No. 5 – Florida Gators
- Position: Linebacker
- Class: Junior

Personal information
- Born: February 23, 2006 (age 20)
- Listed height: 6 ft 1 in (1.85 m)
- Listed weight: 225 lb (102 kg)

Career information
- High school: Buchholz (Gainesville, Florida)
- College: Florida (2024–present)
- Stats at ESPN

= Myles Graham =

American football player (born 2006)

Myles Graham (born February 23, 2006) is an American college football linebacker for the Florida Gators.

==Early life==
Graham is from Gainesville, Florida. The son of former NFL player Earnest Graham, Graham grew up playing football as a linebacker. He first attended the Evangelical Christian School in Florida, where he was coached by his father and recorded 130 tackles and 595 rushing yards as a sophomore. He then transferred to Woodward Academy in Georgia for his junior year. At Woodward, Graham ran for 465 yards and six touchdowns while posting 63 tackles and five sacks.

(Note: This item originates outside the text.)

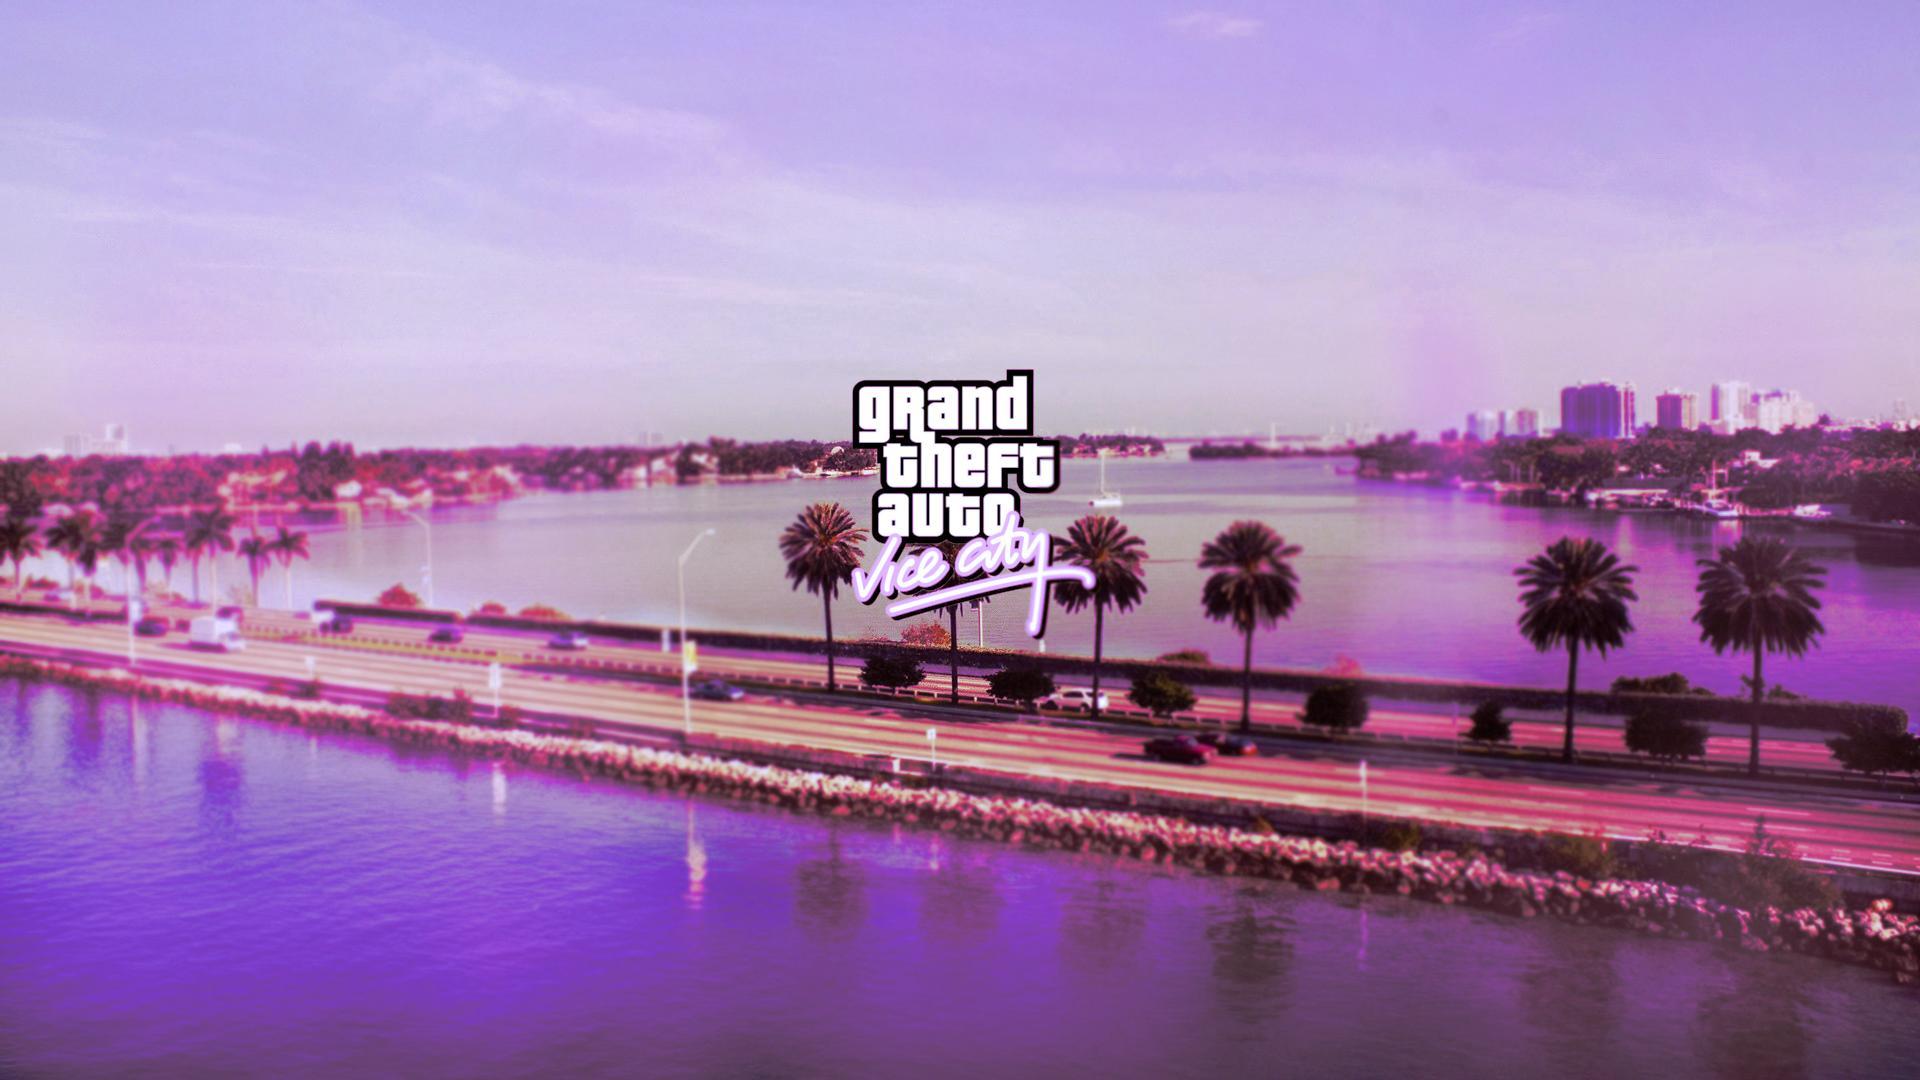 GTA Vice City Wallpapers I made for my friend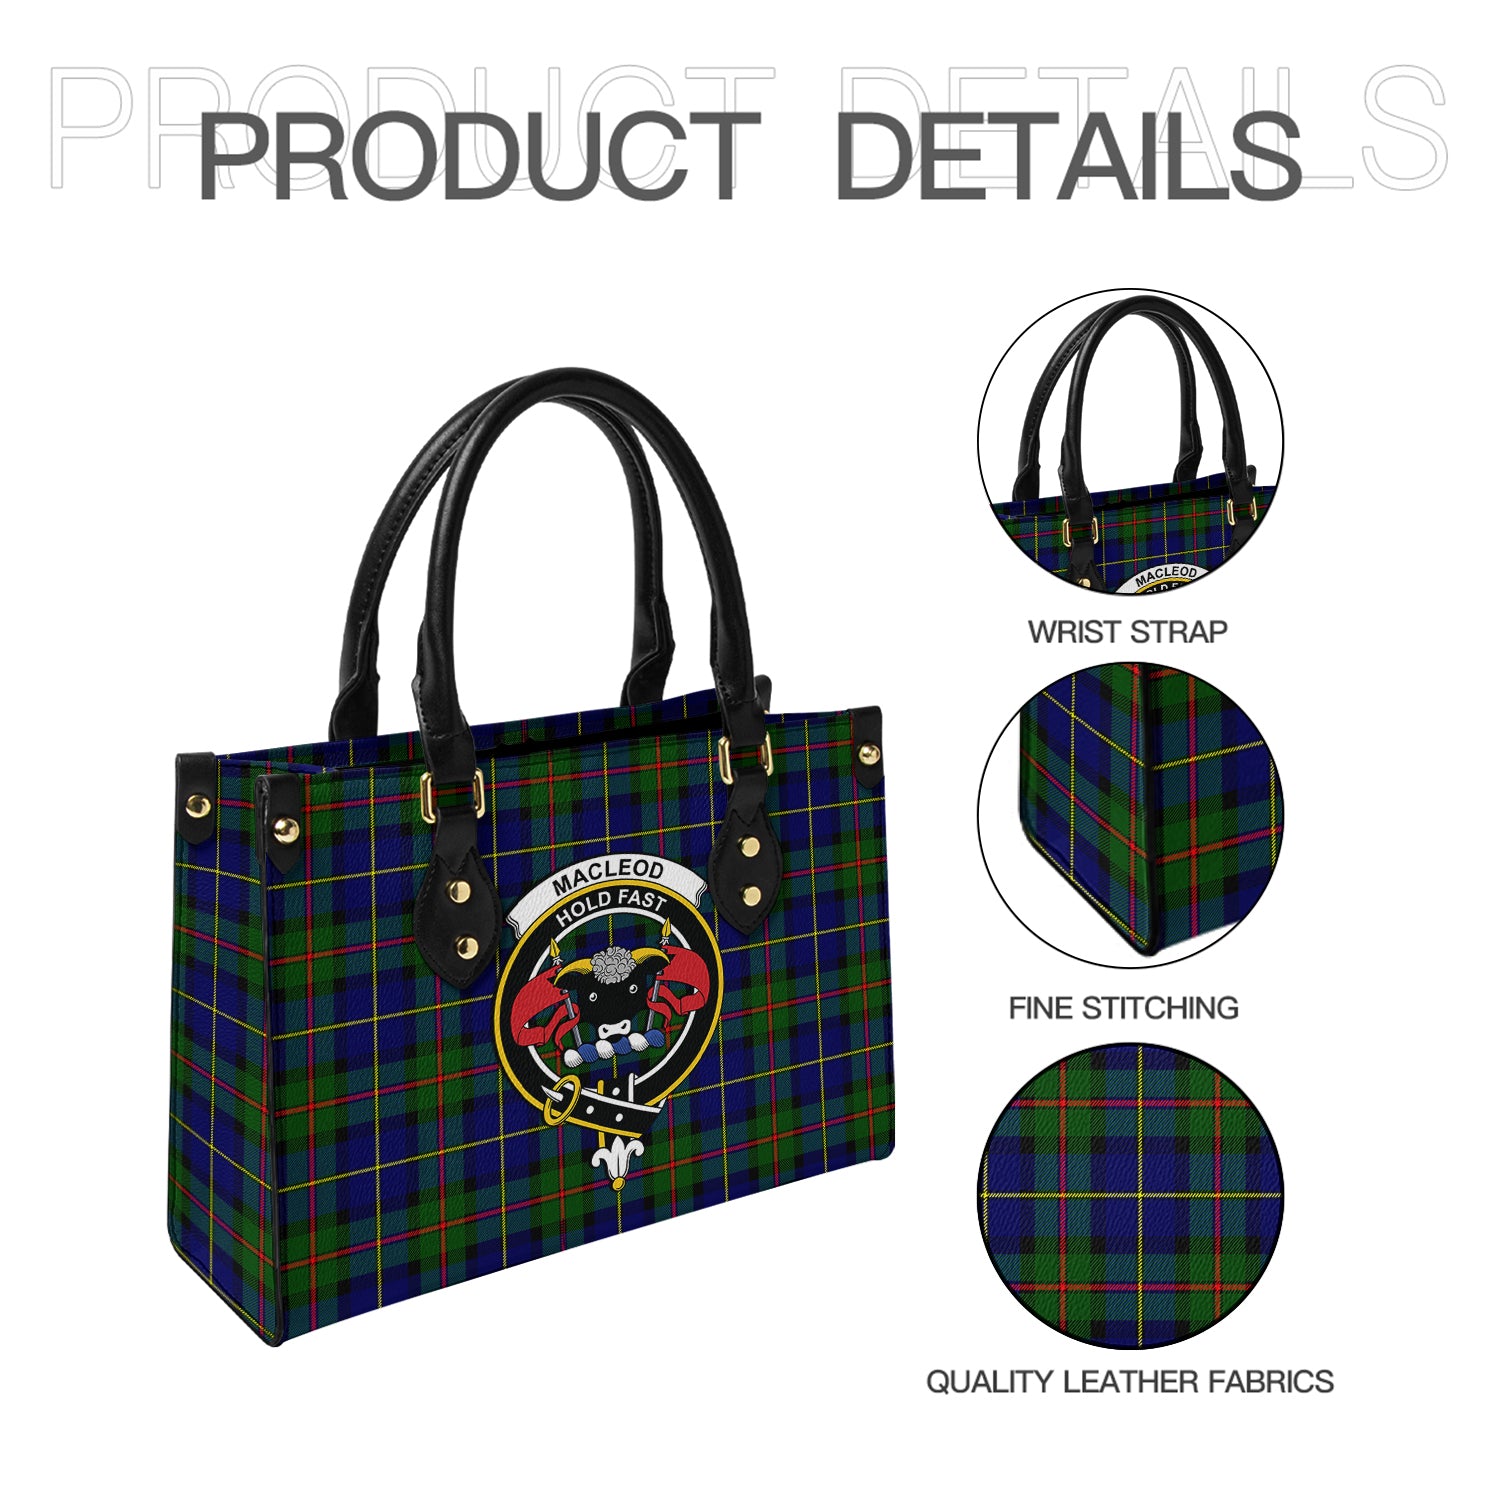 macleod-of-harris-modern-tartan-leather-bag-with-family-crest

Graham played his senior season at Buchholz High School in Gainesville, Florida, posting 59 tackles and six tackles-for-loss (TFLs). He was named The Gainesville Sun Big School Defensive Player of the Year for his performance. After the season, he participated in the Under Armour All-America Game. He was ranked by Rivals.com as a five-star recruit, the 26th-best player nationally and the best linebacker prospect in the class of 2024. He committed to play college football for the Florida Gators.

==College career==
As a true freshman at Florida in 2024, Graham played in all 13 games and tallied 30 tackles, 2.5 TFLs, a sack, an interception and a forced fumble, earning Freshman All-Southeastern Conference (SEC) honors. He became a starter as a sophomore in 2025.